- Born: 1905
- Died: 1990 (aged 84–85)
- Occupations: Executive, composer

= Leslie Osborne (composer) =

English television and music executive and composer (1905–1990)

Leslie Osborne (1905–1990) was an English television and music executive and composer of light music and themes for television and radio. As a composer, he wrote a number of lighter orchestral pieces such as Lullaby for Penelope.

In 1976, Osborne worked for ATV Music and was responsible for trying to get the company's catalogue airtime on BBC radio programmes. In that role, he met composer Simon May, who had then recently had a pop hit with his song "Summer of My Life". Osborne later introduced May to various other TV executives, and he was commissioned to write themes for Skorpion, Cold Warrior, EastEnders and Howards' Way.

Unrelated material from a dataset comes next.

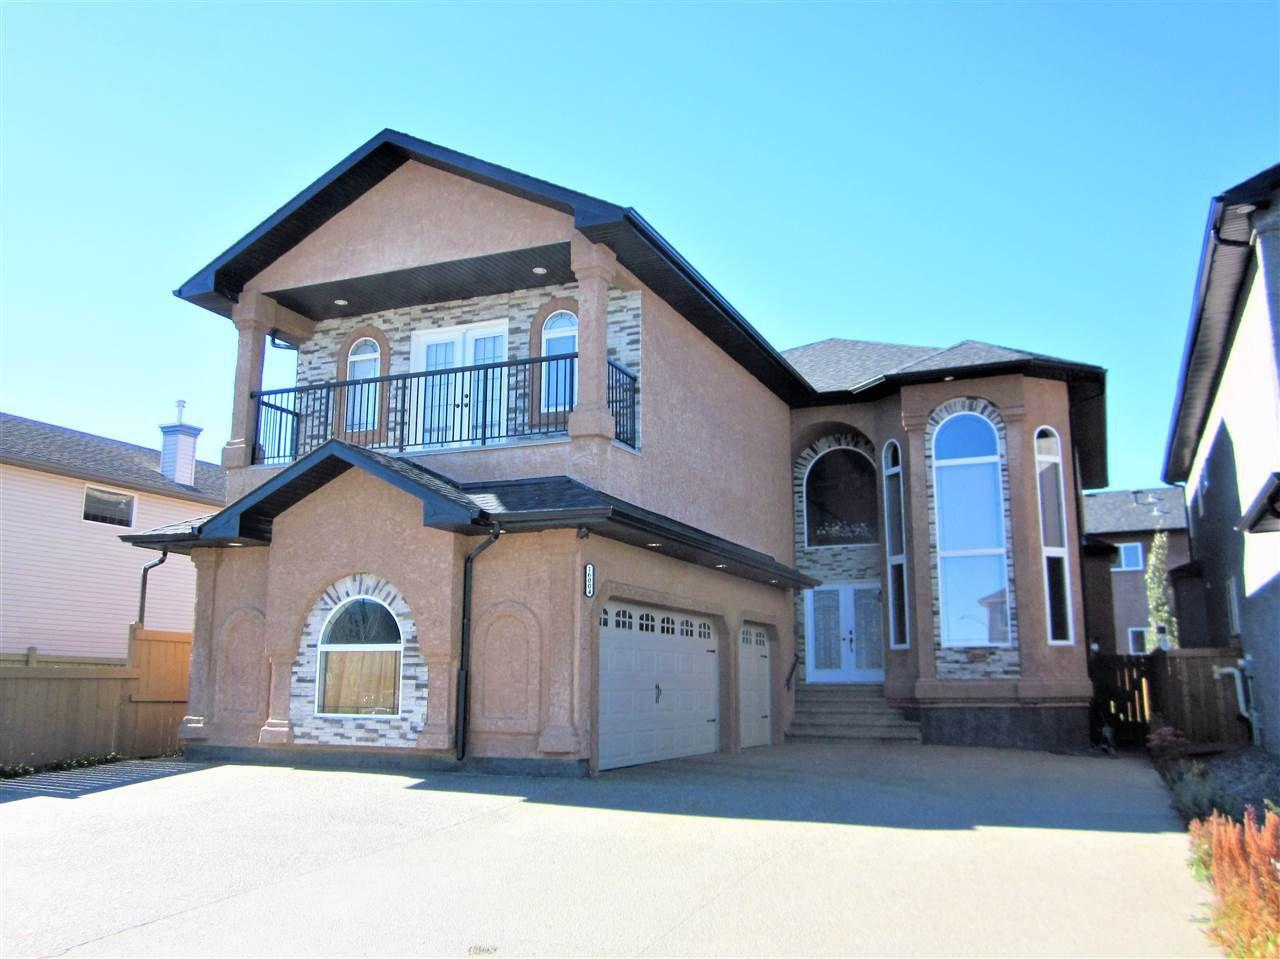 Main Photo: 16004 139 Street in Edmonton: Zone 27 House for sale : MLS®# E4123840

Because of his executive role, Osborne was able to secure a writer credit for the themes for EastEnders and Howards' Way, despite, in reality, May being the sole composer. May says that Osborne "didn't write a single note... I could have possibly have insisted on retaining the copyright of EastEnders for myself, but if I had done so, I would have probably have lost the Howards' Way commission."

He also wrote the music for the hymn "Praise the Lord in the Rhythm of Your Music", featured in the popular children's hymnal Come and Praise.